→ **Task instructions**
From the records below, copy every line that contains the word "here".

[Items listed in a dataset]
==========
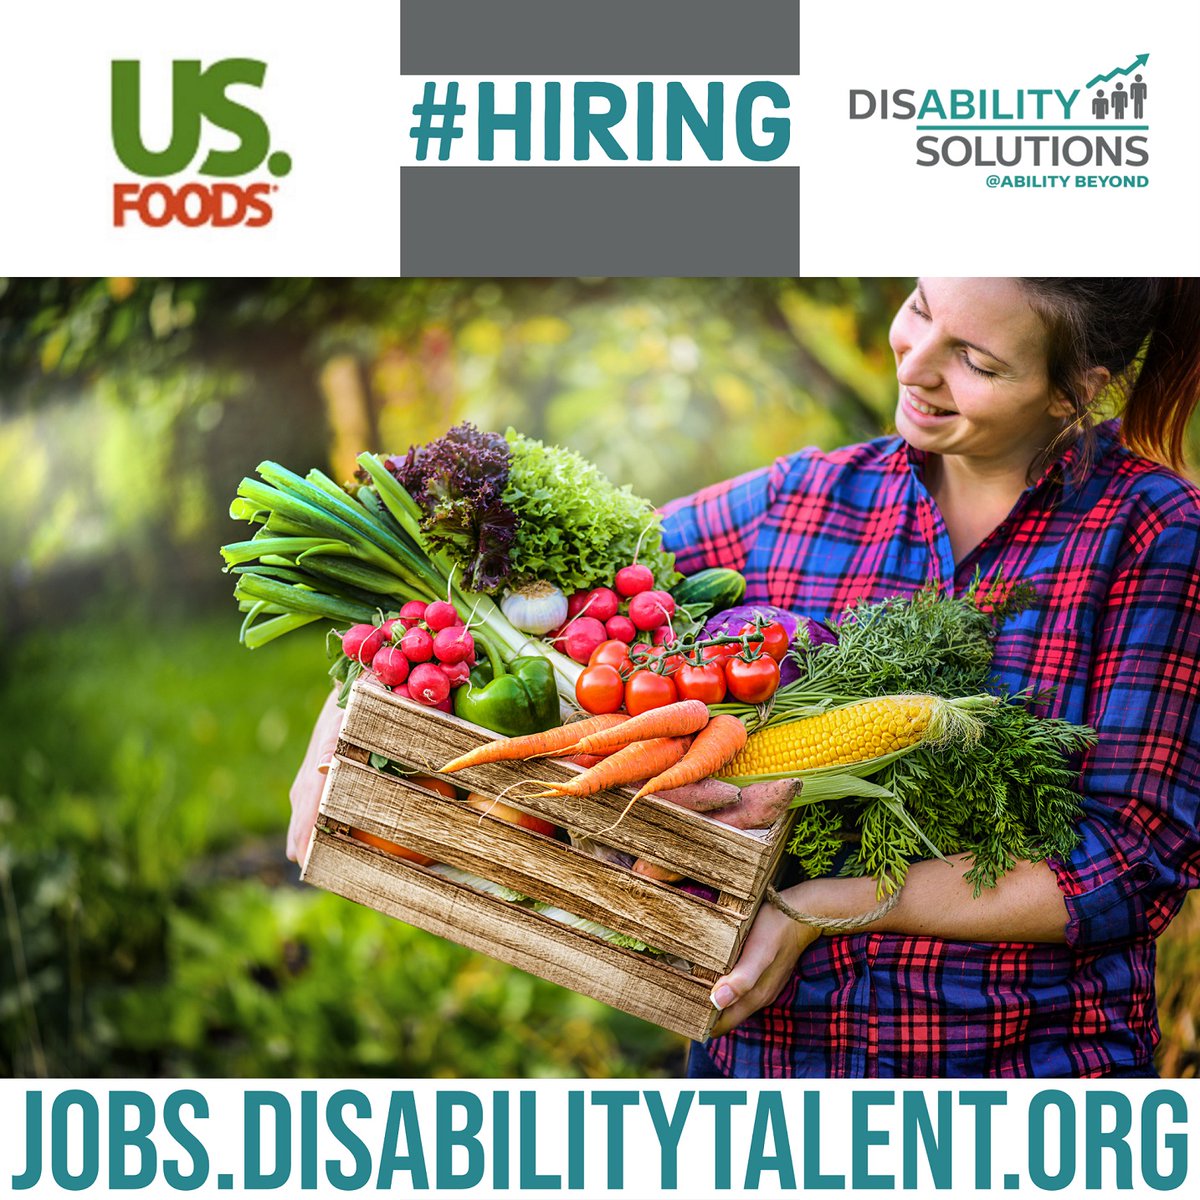 @USFoods is hiring! 
Apply now on the @DSTalentatWork Career Center here 
hubs.ly/Q01Twcwl0

Sign up for a free account and have alerts sent to you notifying of new jobs in your area here:hubs.ly/Q01Twbr20

#Hiring #Disability #DisabilityEmployment
==========
→ **Response area**
Apply now on the @DSTalentatWork Career Center here 
Sign up for a free account and have alerts sent to you notifying of new jobs in your area here:hubs.ly/Q01Twbr20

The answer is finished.